A coverage analysis reports 100 % coverage from the unit test execution of a single test / context: "test_run". However, of the four involved methods (run, do_actual_work, squared, prepare) only run is tested explicitly. The feature I am proposing would designate

each line of run to have a "callstack distance" of one,
each line of prepare and do_actual_work to have a "callstack distance" of two,
each line of squared to have a "callstack distance" of three.

This information would then for example allow to aide in identifying code that needs more / better testing. The total code coverage could also be evaluated for different cutoff values of the "callstack distance", e.g. for a cutoff >= 3, the coverage is 100%, for cutoff = 2 it is 9 / 11 = 81 % for cutoff = 1 it is 3 / 11 = 27 %.

Describe alternatives you've considered I have not really considered any alternative(s) other than asking developers to identify poorly tested code manually e.g. during code reviews.

However, I am open to investigating other options if any suggestions are raised. :smiley:

Additional context

I expect that this would result in a slow down of the execution of the tracer. Therefore this is probably something that should be opt-in.
I might be able to assist in developing this feature. I had a quick look at the tracer source code and although I have not coded in C in a while it was not complete nonsense to me :wink:

nedbat commented 3 years ago

I see what you are getting at. I haven't thought about what it would take to collect that data, but are you sure it would map as nicely as you want? It's not clear to me that you would always have call-distance==1 tests for all your code. Test helpers would get in the way, or the layers of your own product code. How would you assess the results?

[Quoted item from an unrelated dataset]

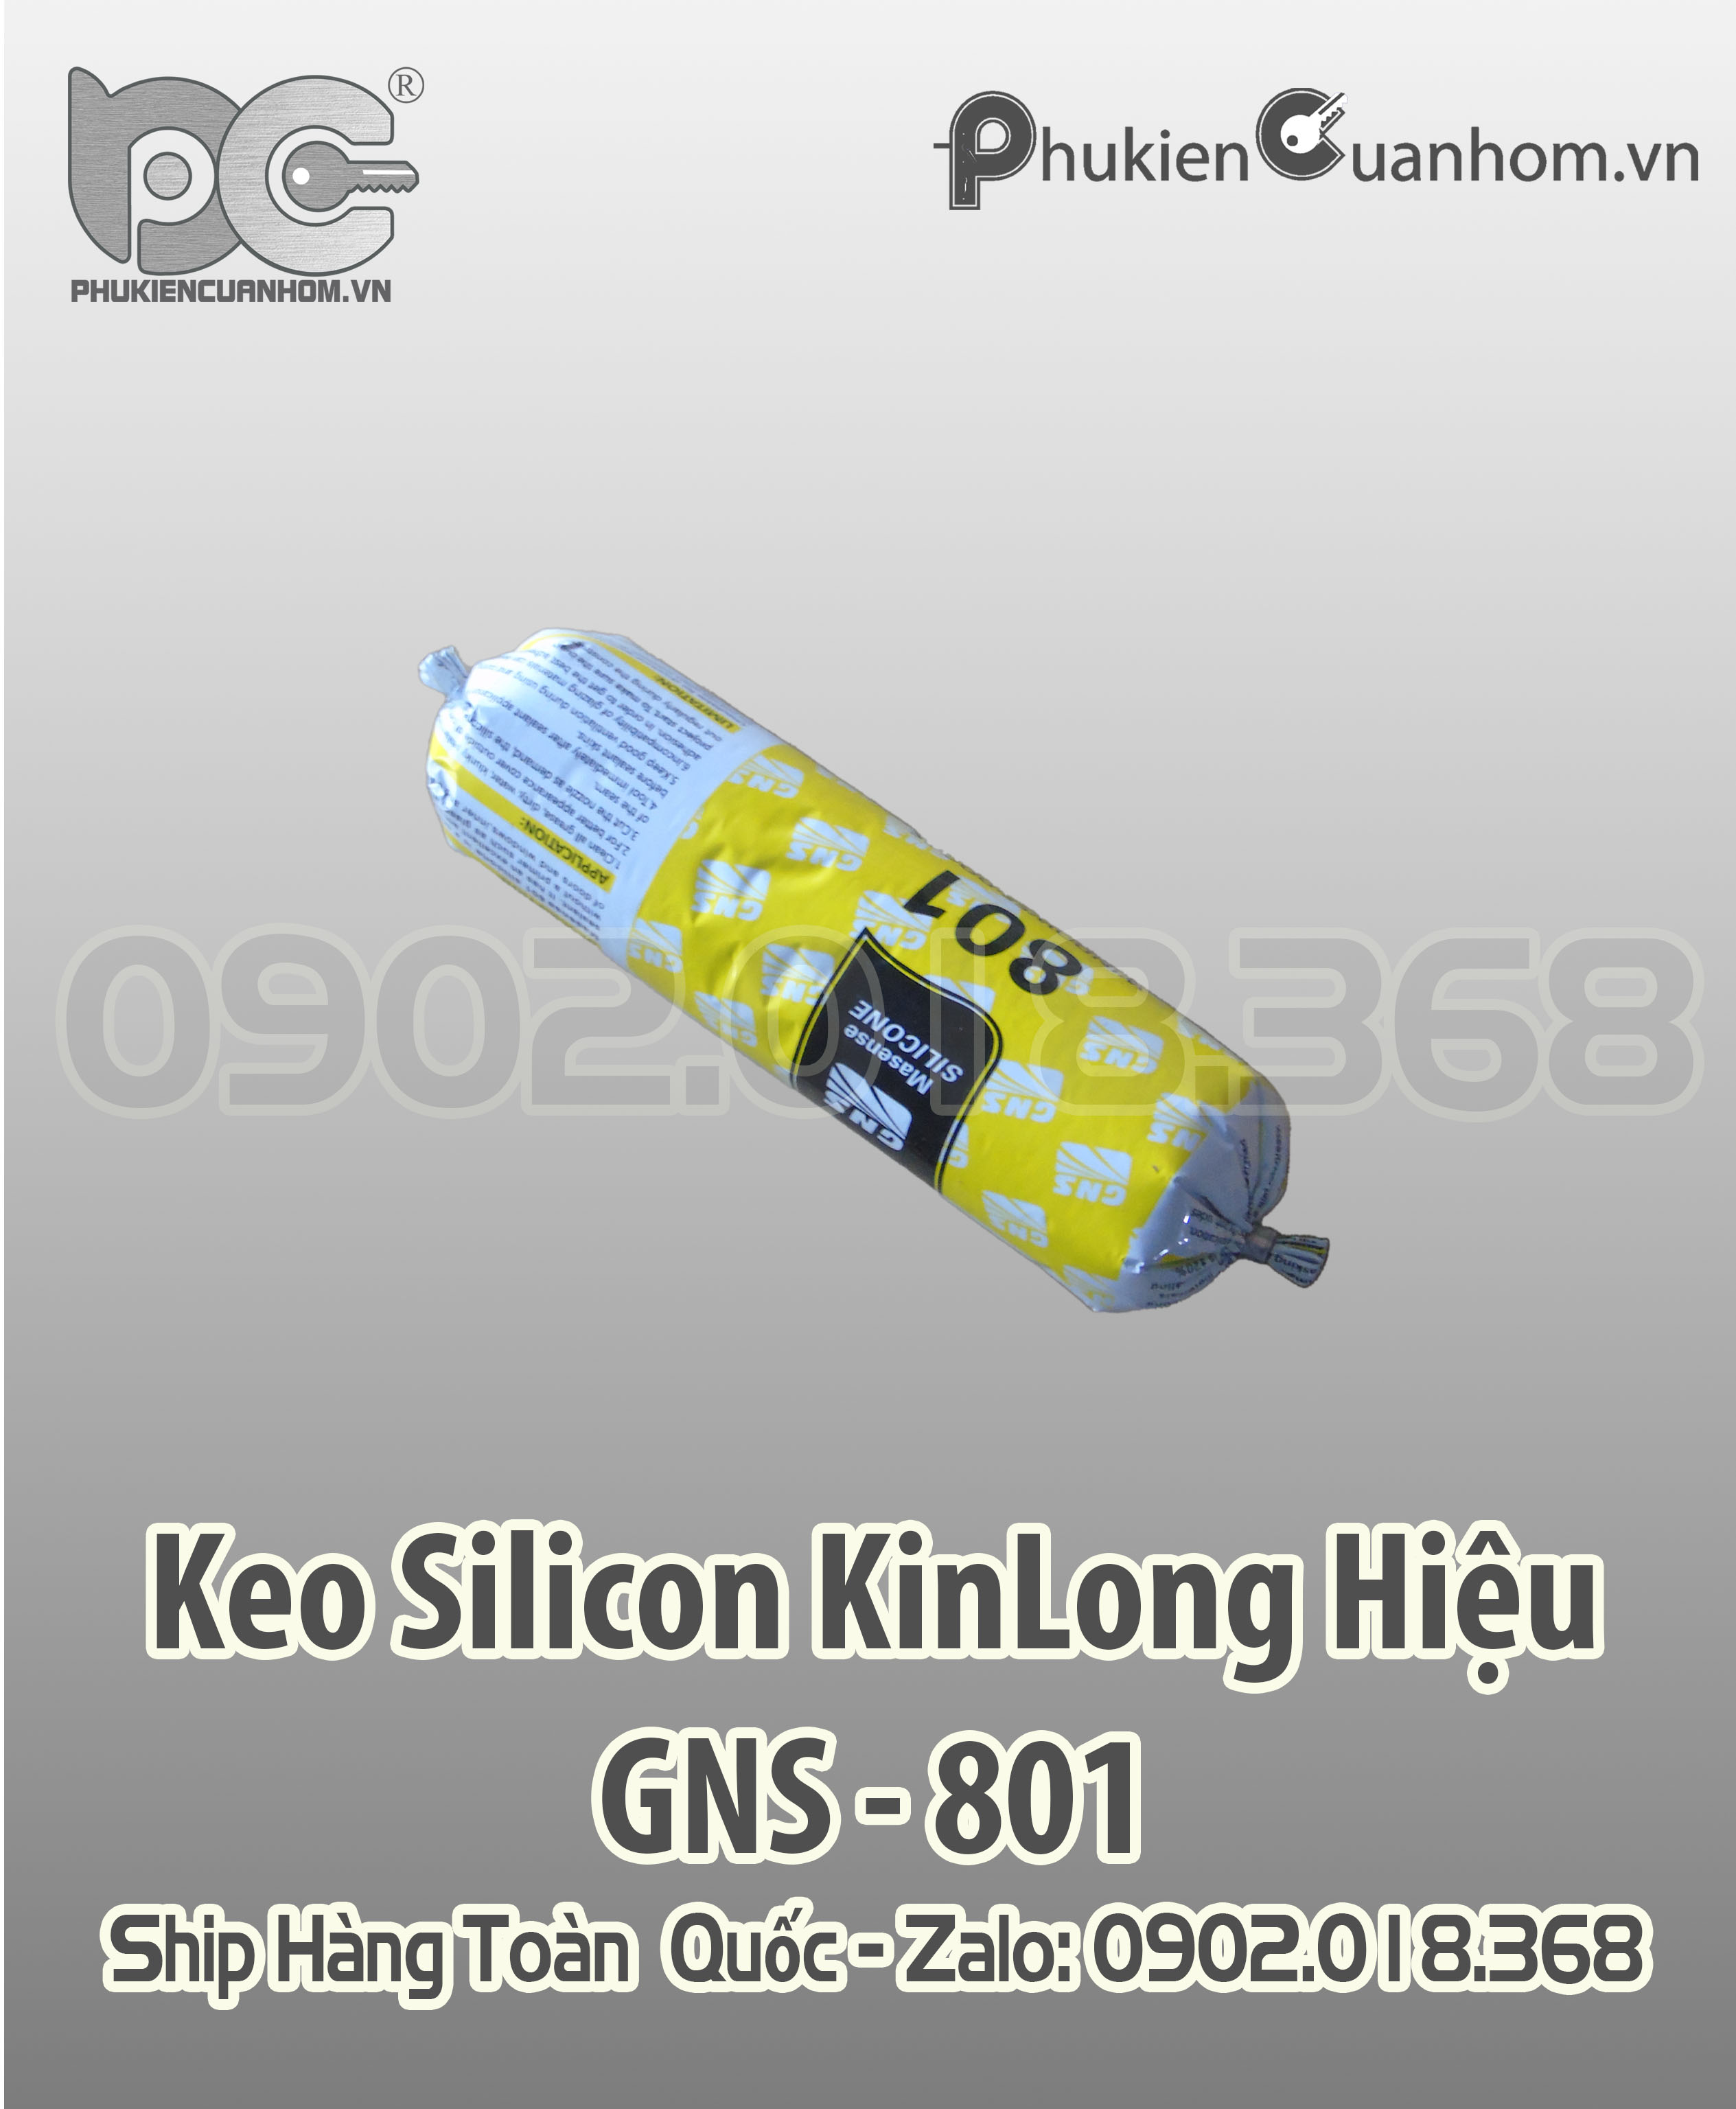 Keo silicone xúc xích KinLong hiệu GNS 801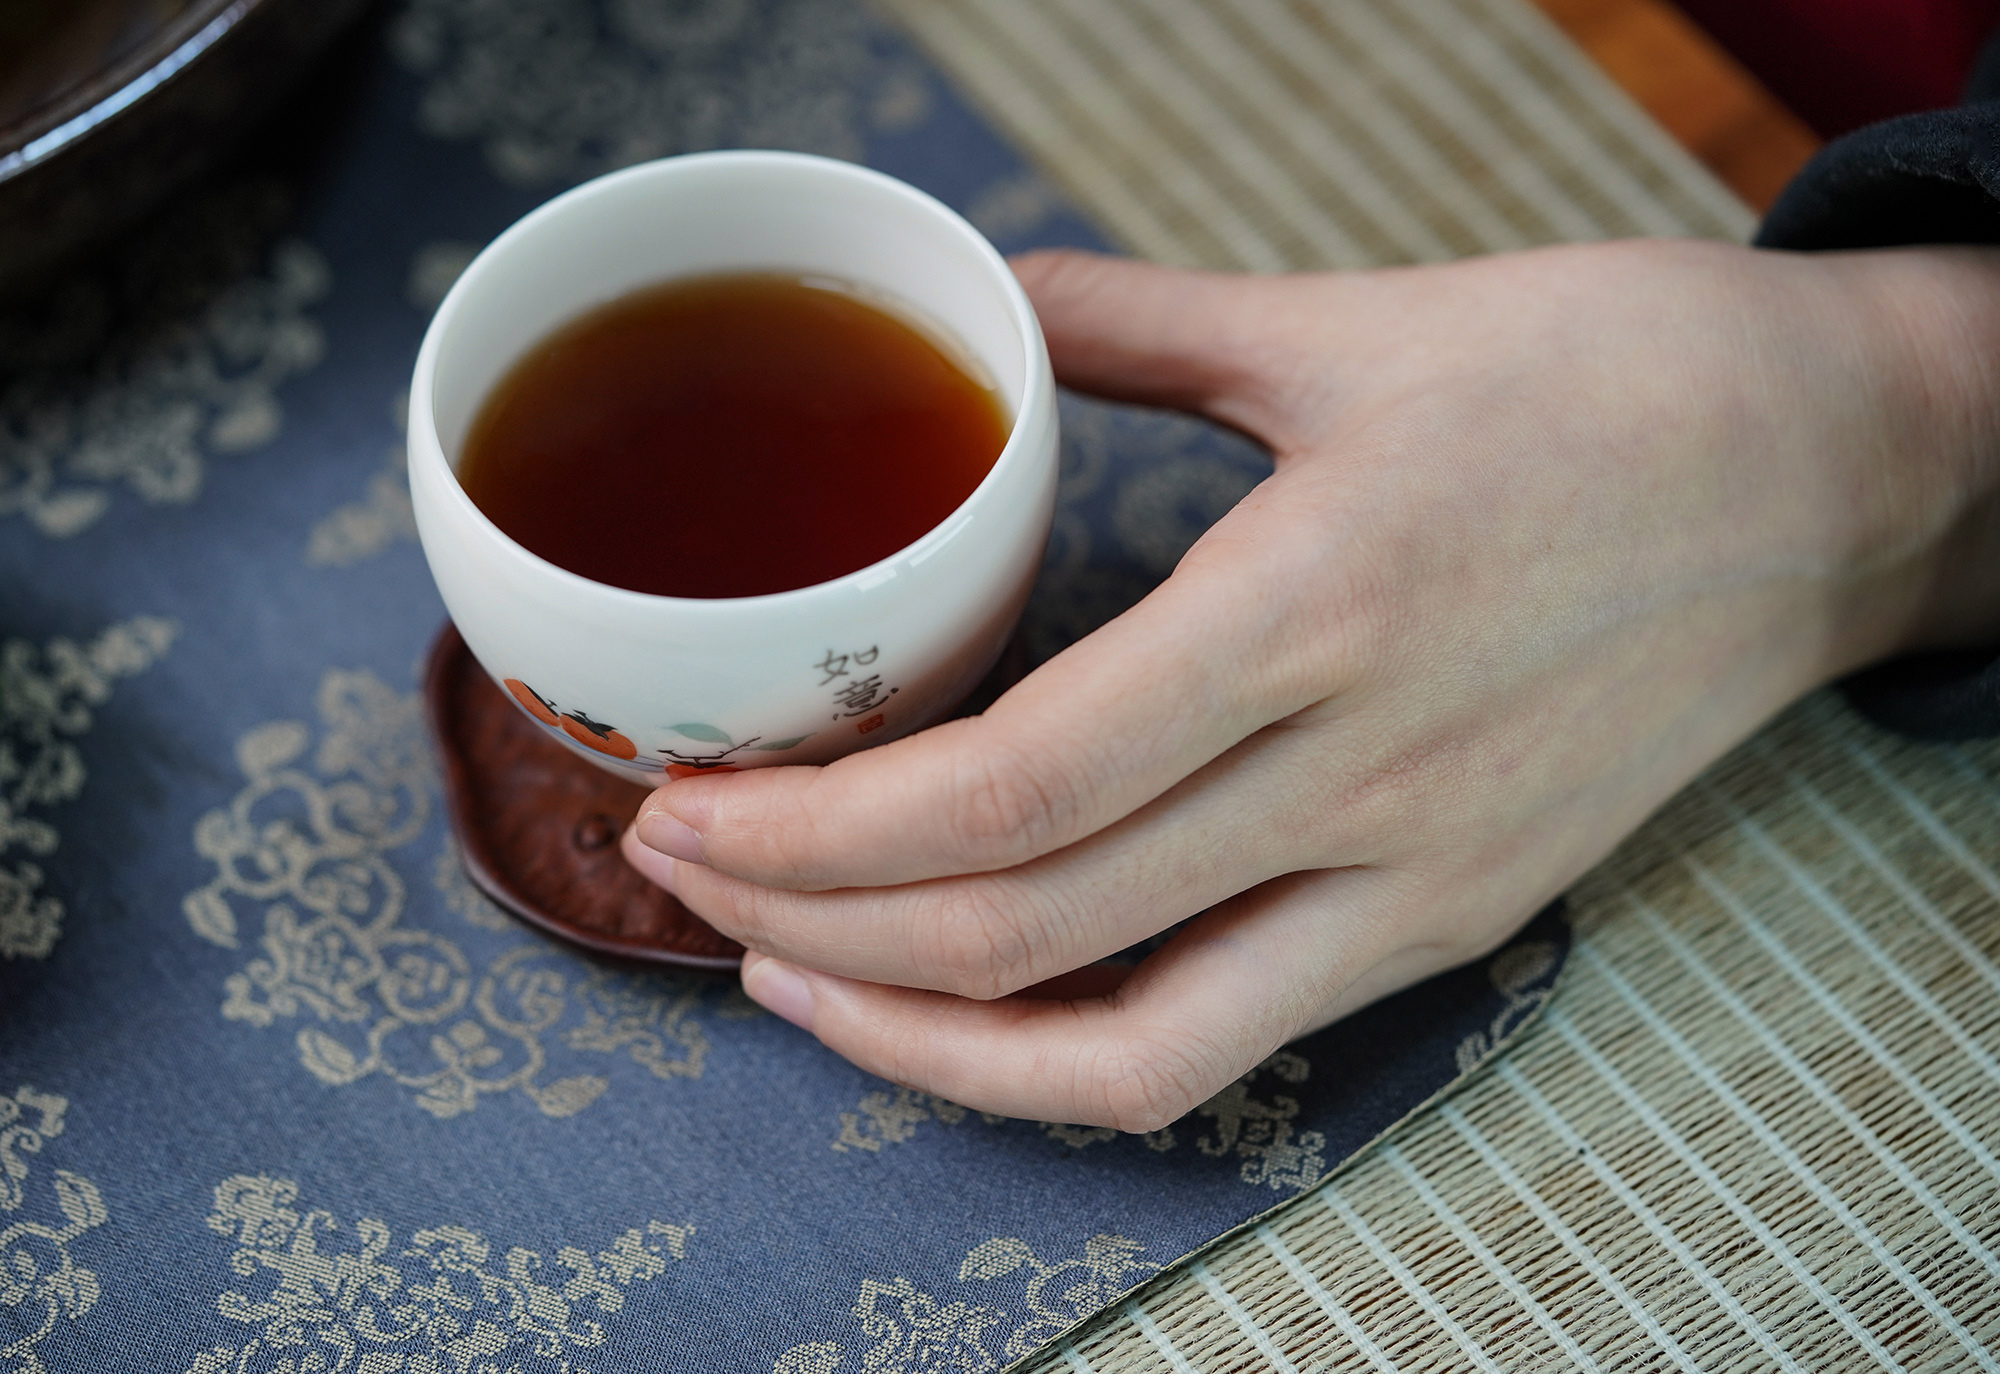 小喜年-普洱茶原料的“天花板”，2010年的何仕华景迈“宫廷”迷你熟饼

sondrelg commented 3 years ago

I have an almost identical problem, where I would like to map all downstream calls (with callback distances), made from an individual test.

If I were to use the example code given above, this is the minimal amount of data I would need to collect:

{
    # test name
    'test_run': {
        # called function: callback distance
        'run': 1,
        'prepare': 2,
        'do_actual_work': 2,
        'squared': 3,
    }
}

I don't want to change the focus of the issue in any way, but I suppose this is relevant as a first step of figuring out the feasibility of this feature:

Have either of you got any ideas for how one might go about collecting this data in the first place, ideally statically?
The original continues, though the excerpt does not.